1 Reconceiving the rule of law for a globalizing world

Charles Sampford

Introduction

Strong sovereign nation states emerged in seventeenth century Europe, sweeping aside the previous untidy patchwork of feudal cities, principalities, and empires that, together with guilds and the church, had governed European life for a millennium. After the Treaty of Westphalia ended the Thirty Years War in 1648, ‘[a]n international structure composed of a hierarchy of emperor, kings, princes, and cities was replaced with one composed of many formally-independent and formally-equal states’.1 The nation-state was welcomed as a solution to the chaos that had followed the break-up of the mediaeval order when religious and trade schisms (or religious schisms and trade) had overflowed across traditional boundaries and submerged them.2 Although these nation states were highly authoritarian, their theoretical champions – writers like Jean Bodin, Jean-Jacques Burlamaqui, Thomas Hobbes, and Samuel Pufendorf- applauded and justified them for that very reason. When life was ‘poor, nasty, brutish, and short’ 3 due to civil war, banditry or religious zealotry, a rational man [sic] would happily choose to submit without complaint to a government strong enough to keep the peace by whatever means necessary. Modest and minimalist as it was, the Westphalian bargain was observed within Europe – both ‘horizontally’ among different nations’ governments and ‘vertically’ between each government and its citizens – for almost three centuries.4
Once life and civil peace were secure, citizens began to expect more from their states.

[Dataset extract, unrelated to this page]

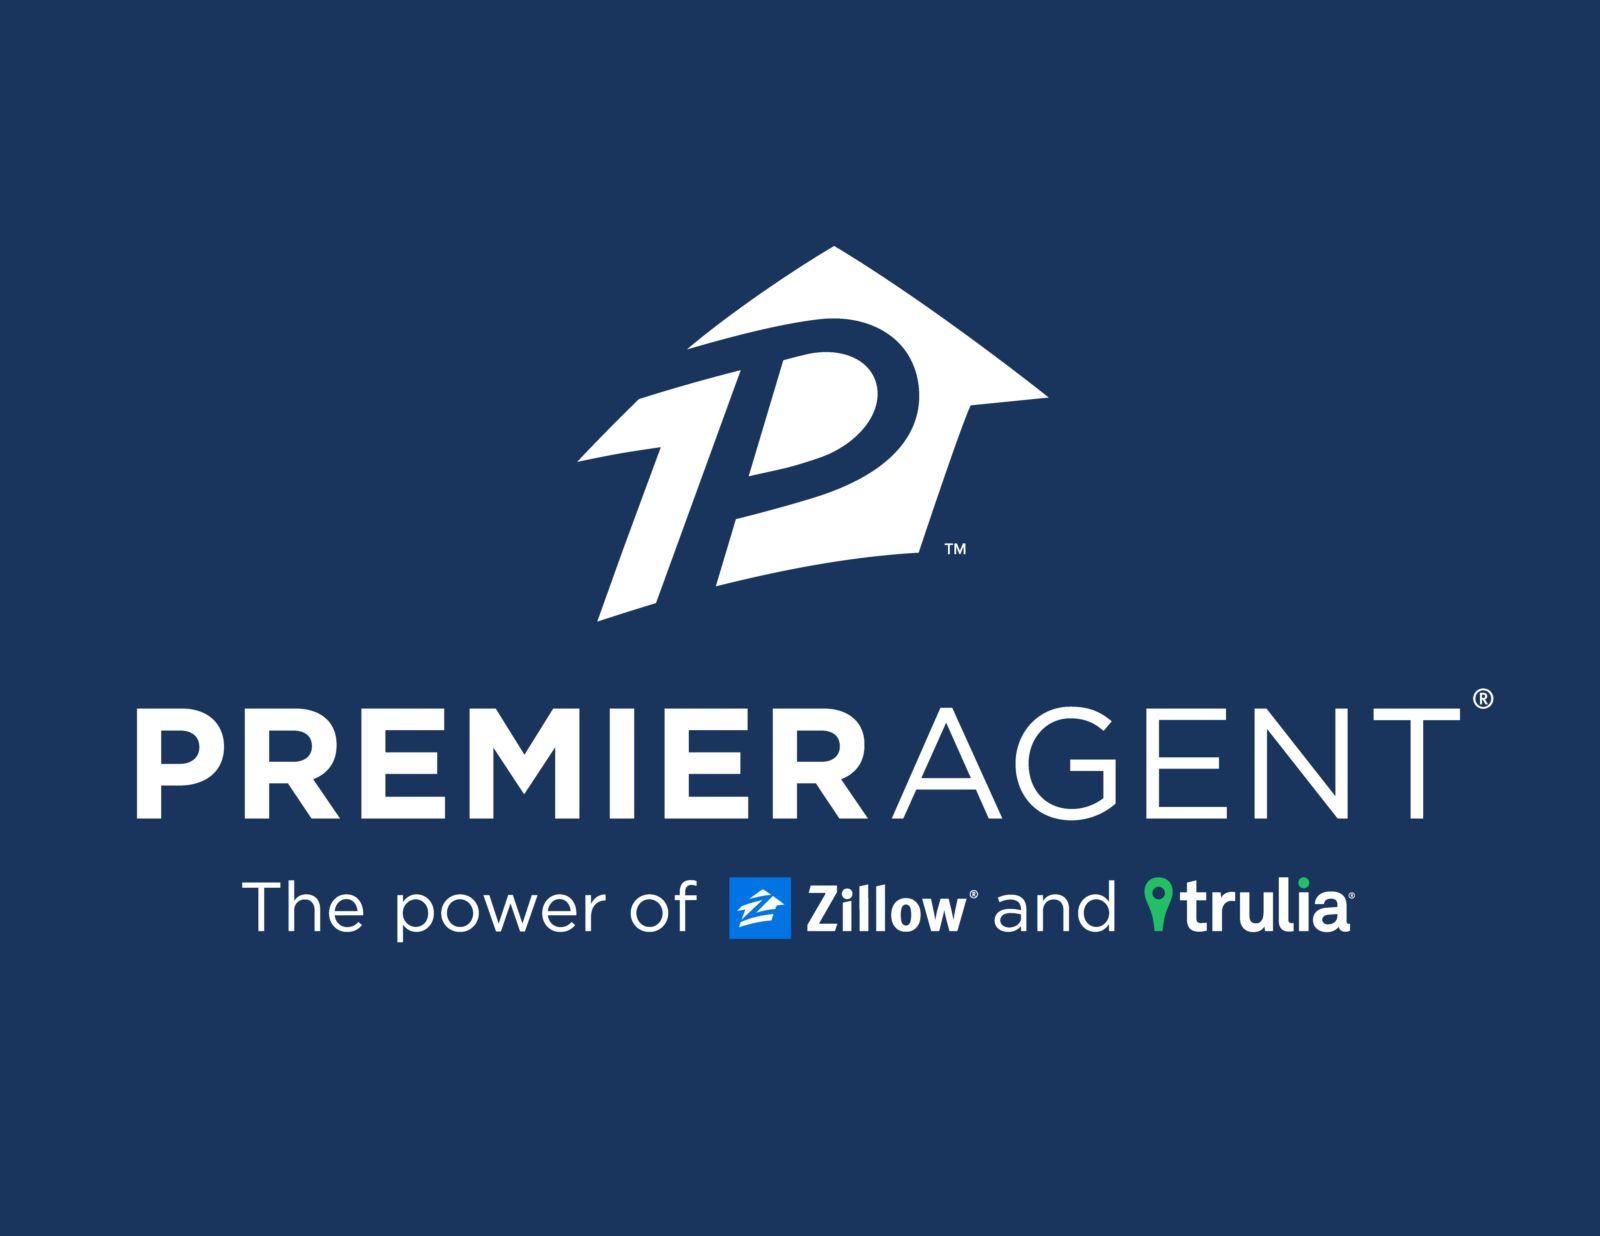 Zillow Review Logo - Logos. Premier Agent Resources

The eighteenth-century North Atlantic Enlightenment5 sought to civilize these authoritarian states by holding them to a set of more refined and ambitious values – notably liberty, equality, citizenship, human rights, democracy and the rule of law. These values were necessary, not for bare survival, but for comfortable, civilized, and dignified existence.6 Nineteenth-century thinkers extended the range of rights championed, for example, adding concern for environment and for practical and social equality. By the mid-twentieth century, disputes had moved on to the interpretation and ranking of those rights – especially between civil and political rights and social and economic rights.
Ideals are not self-implementing, especially ideals that aim for a better society. They require institutions to realize them. If the font of new ideas was located in the Atlantic nations of Scotland and France, the centre of gravity for institutional innovation was the eastern seaboard of the United States. Initially, the early European philosophers – apart from a few who wanted to copy English constitutionalism – simply proposed institutions modelled on the monarchical states most familiar to them.7 Enlightened despotism, of course, requires a despot, so philosophers like Voltaire and Diderot pinned their hopes in turn on Frederick the Great in Prussia, then Peter and Catherine the Great in Russia, and finally Napoleon in France. But these despots and their institutions, too, eventually dissolved into chaos and violence.8
While superficially the US Constitution may seem simply to have ‘frozen’ key elements of the 1776-87 British constitution9 (as famously misdescribed by Montesquieu),10 its most distinctive features – federalism, a constitutionally entrenched court, a states’ upper house, legislative ratification of treaties, and various other ‘checks and balances’ – were important innovations, and have often been copied. It was only in the nineteenth century that Europe began generating institutional innovations of its own: responsible parliamentary government, the welfare state, and accountability mechanisms such as the administrative tribunal and the ombudsman.
However, a series of recent trends, popularly labelled ‘globalization’, have challenged these values, primarily by challenging the power of nation state institutions which are currently the only feasible means for upholding these values. I eschew the two most common responses – (1) abandoning whatever values cannot be realized by global or transnational institutions, (2) clinging to the nation-state as the only possible way of preserving these values. Rather, I advocate a third way, namely reconceiving liberal democratic values, and reinstitutionalizing them for a global world, calls for nothing less than a new enlightenment. Such a global enlightenment should aim to civilize the increasingly harsh global economy, just as the eighteenth-century enlightenment began the process of civilizing the absolutist post-Westphalian states. Of all these values, the rule of law is primary.11
So what exactly does the rule of law require within, and among, sovereign states? What are its implications, foreign and domestic? Most writers today agree that the rule of law can be defined widely or narrowly, depending on how many liberal-democratic values are read into the concept. Certainly there are difficulties in applying it to a wider sphere than the nation-state. Indeed, many argue that, therefore, the rule of law cannot meaningfully exist in the international arena, where there is no ‘common sovereign power’. But these objections are, at most, only arguments for modifying the concept. Almost all the reasons why we value the domestic rule of law are also reasons for working towards an international rule of law.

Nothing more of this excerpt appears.